Top of Available data
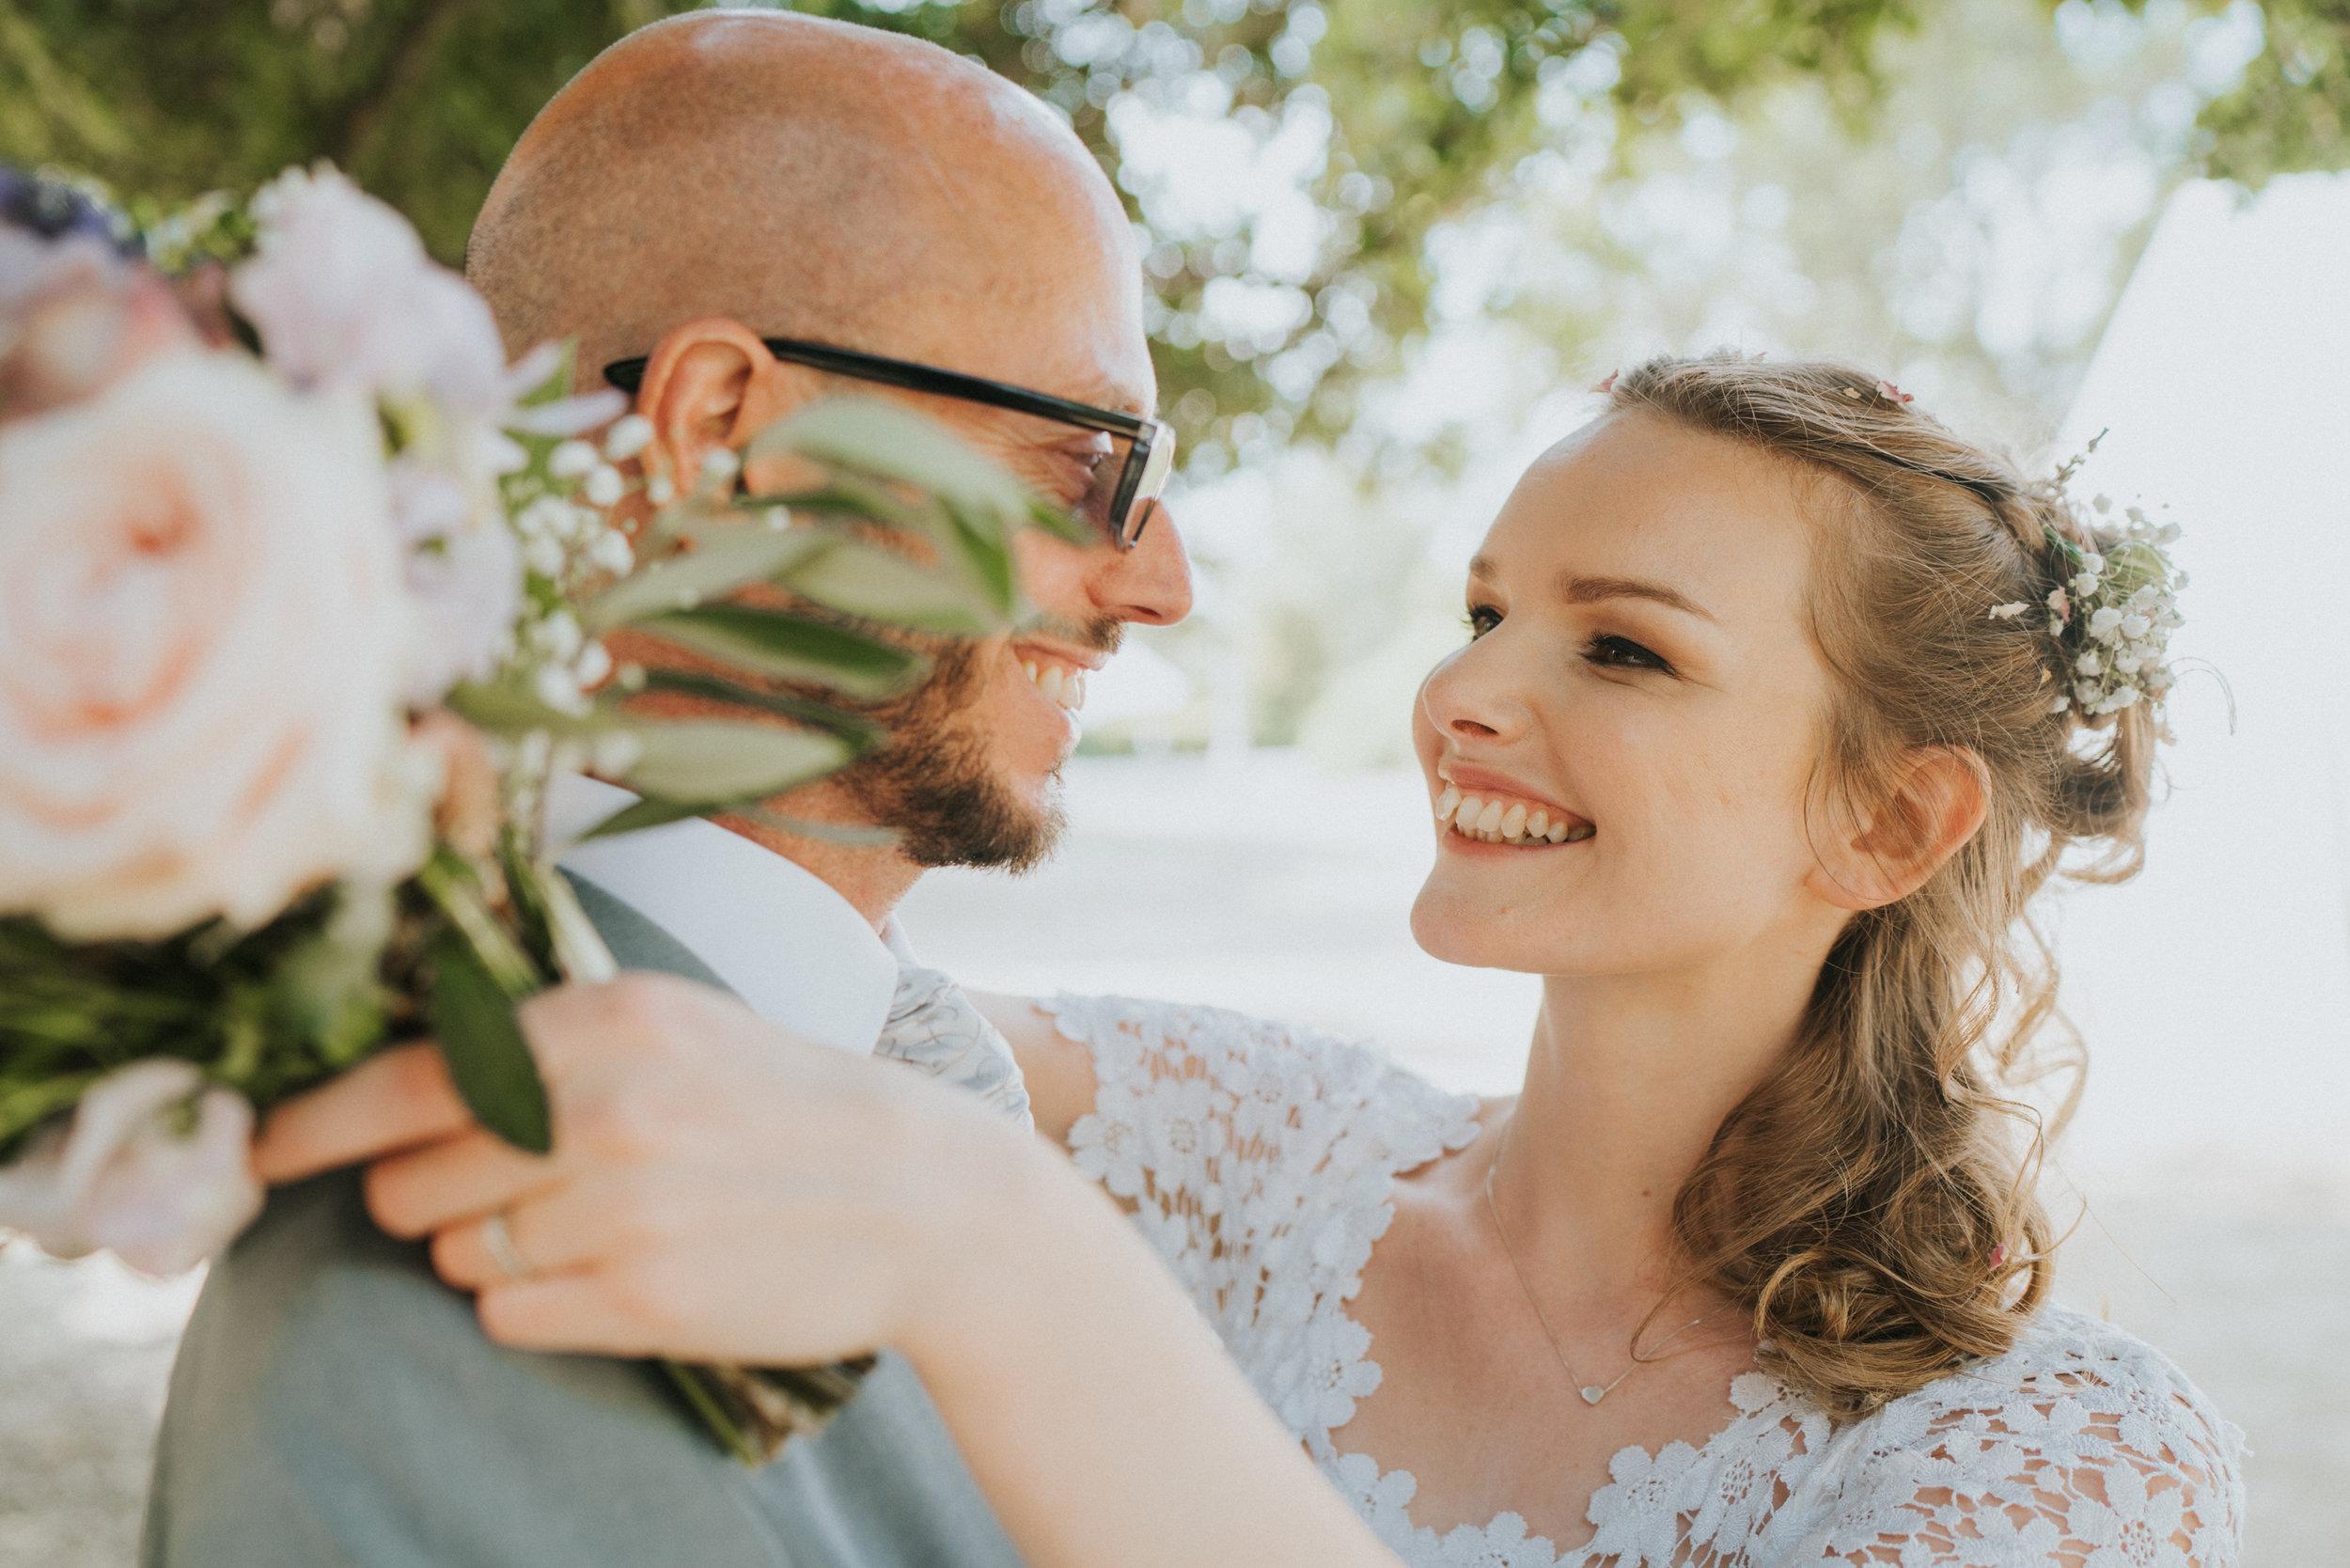 Grace-Elizabeth-Georgie-Amalaketu-Firstsite-Colchester-Essex-Boho-Buddhist-Wedding-Alternative-Wedding-Photography-Essex (85 of 100).jpg
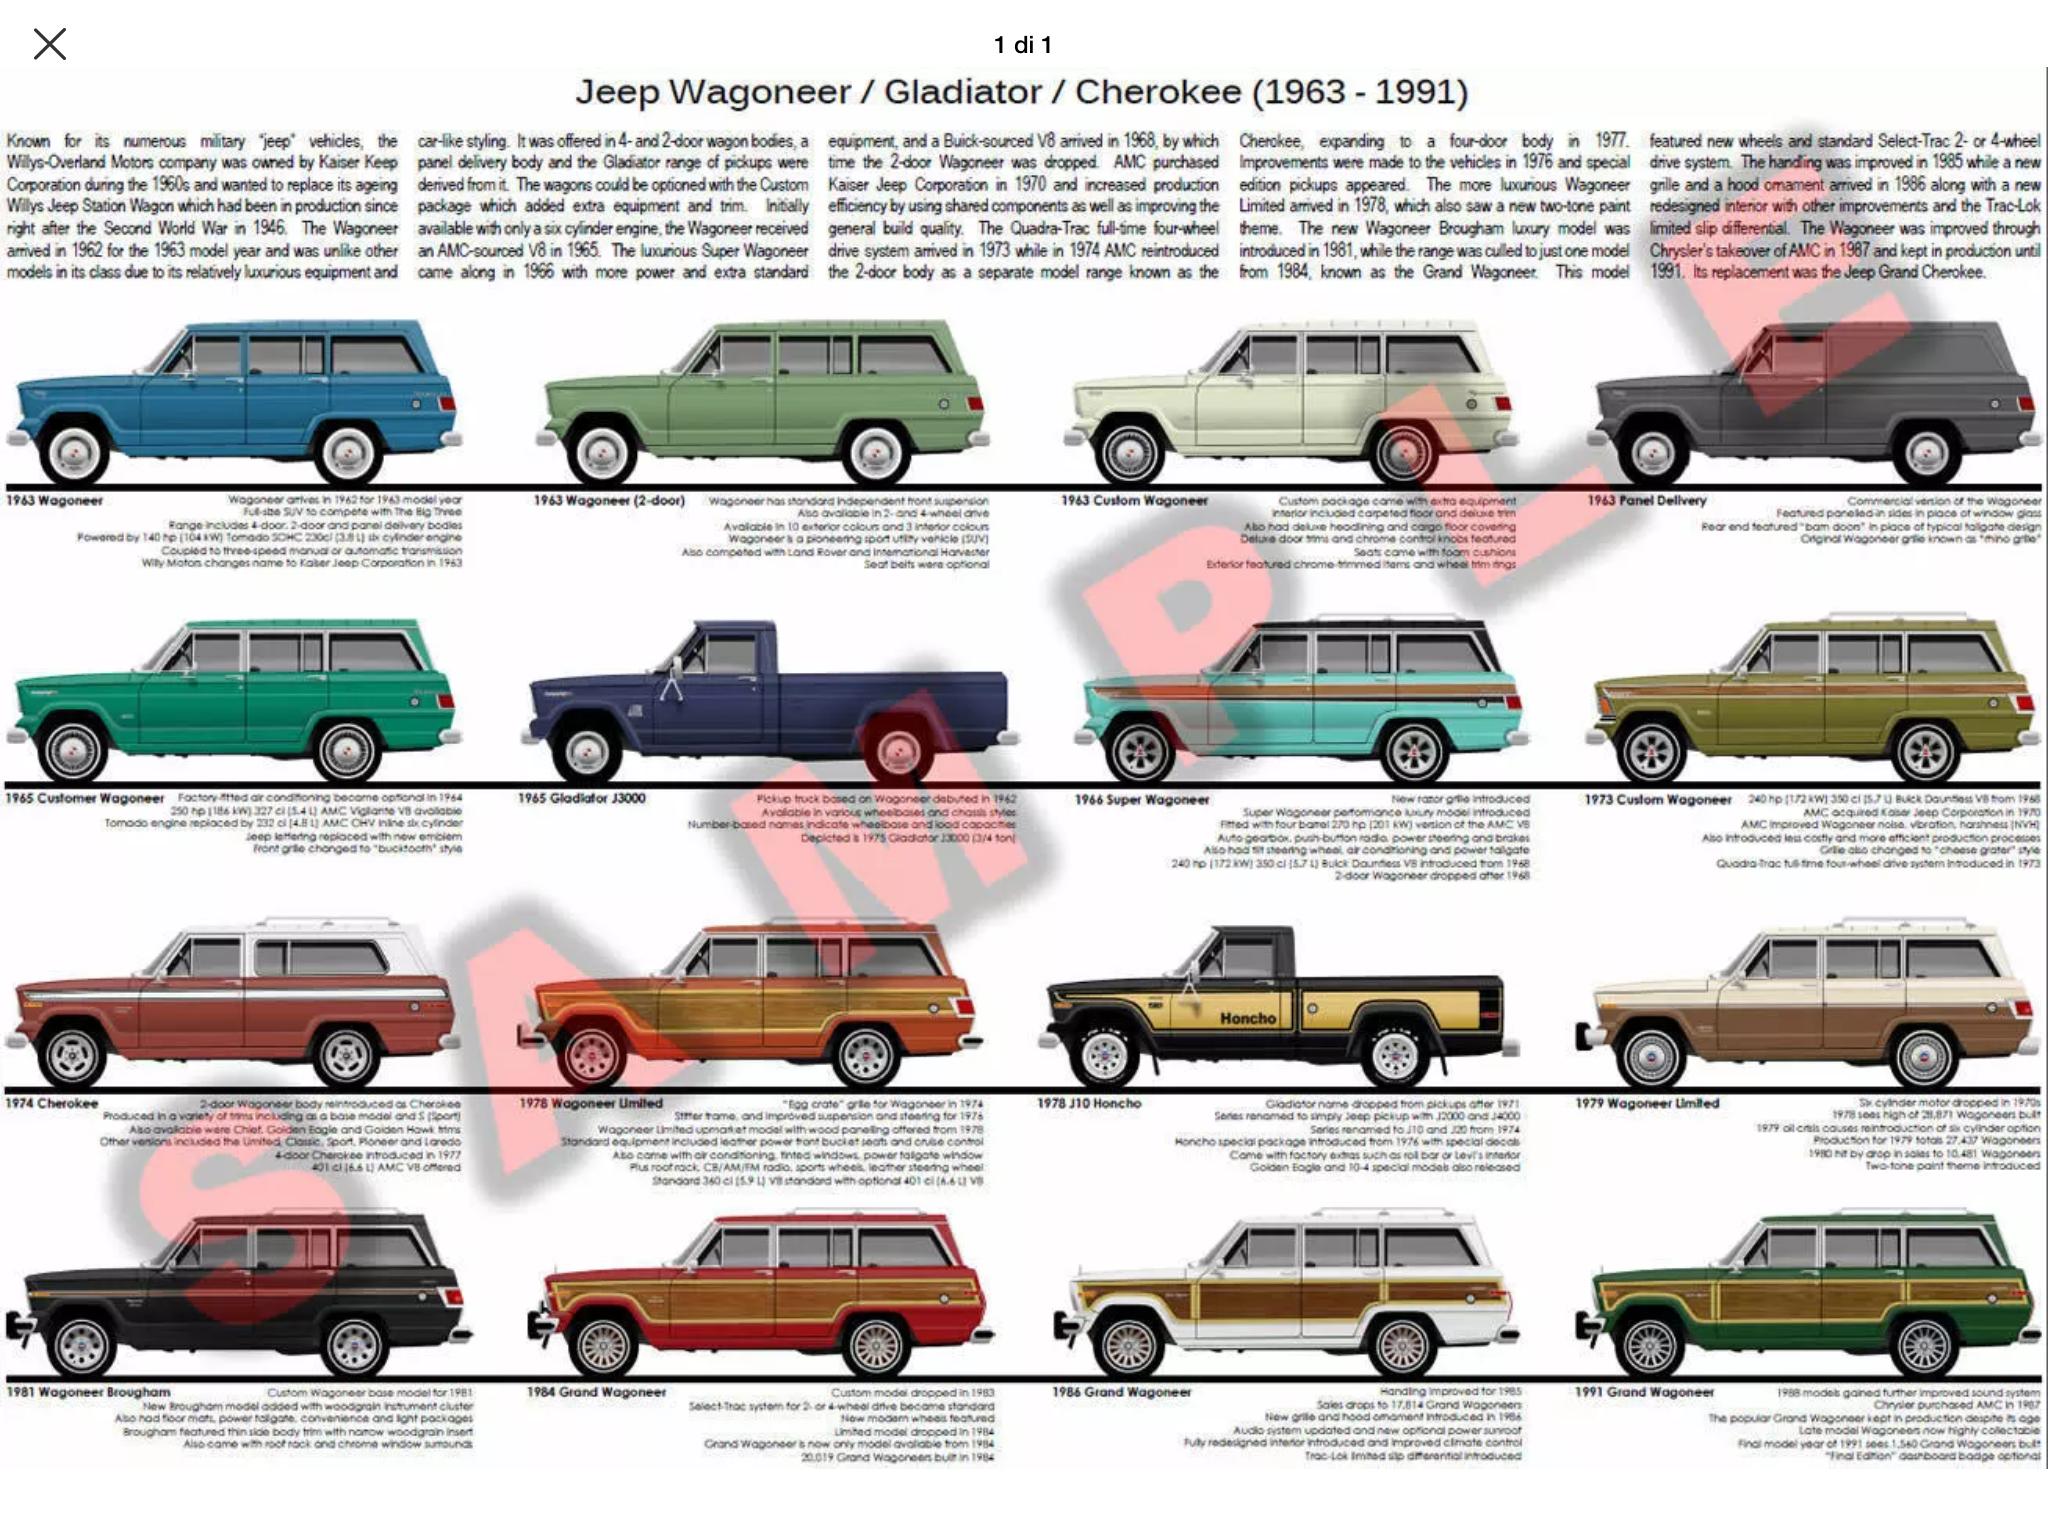 Pin By Rapom Jadwisiak On Cars Jeep Wagoneer Jeep Jeep Truck
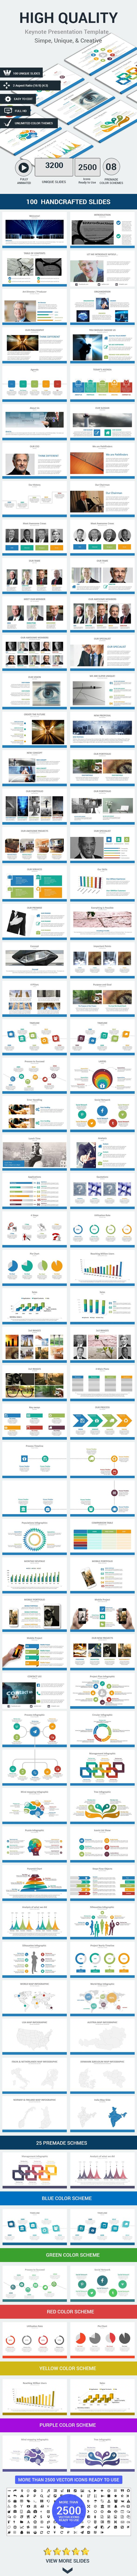 High quality Keynote Presentation Template - Keynote Templates Presentation Templates
Bottom of Available data
• Work order: From the first line to the last, give the data again exactly, but without pictures.

• Answer:
 Grace-Elizabeth-Georgie-Amalaketu-Firstsite-Colchester-Essex-Boho-Buddhist-Wedding-Alternative-Wedding-Photography-Essex (85 of 100).jpg
 Pin By Rapom Jadwisiak On Cars Jeep Wagoneer Jeep Jeep Truck
 High quality Keynote Presentation Template - Keynote Templates Presentation Templates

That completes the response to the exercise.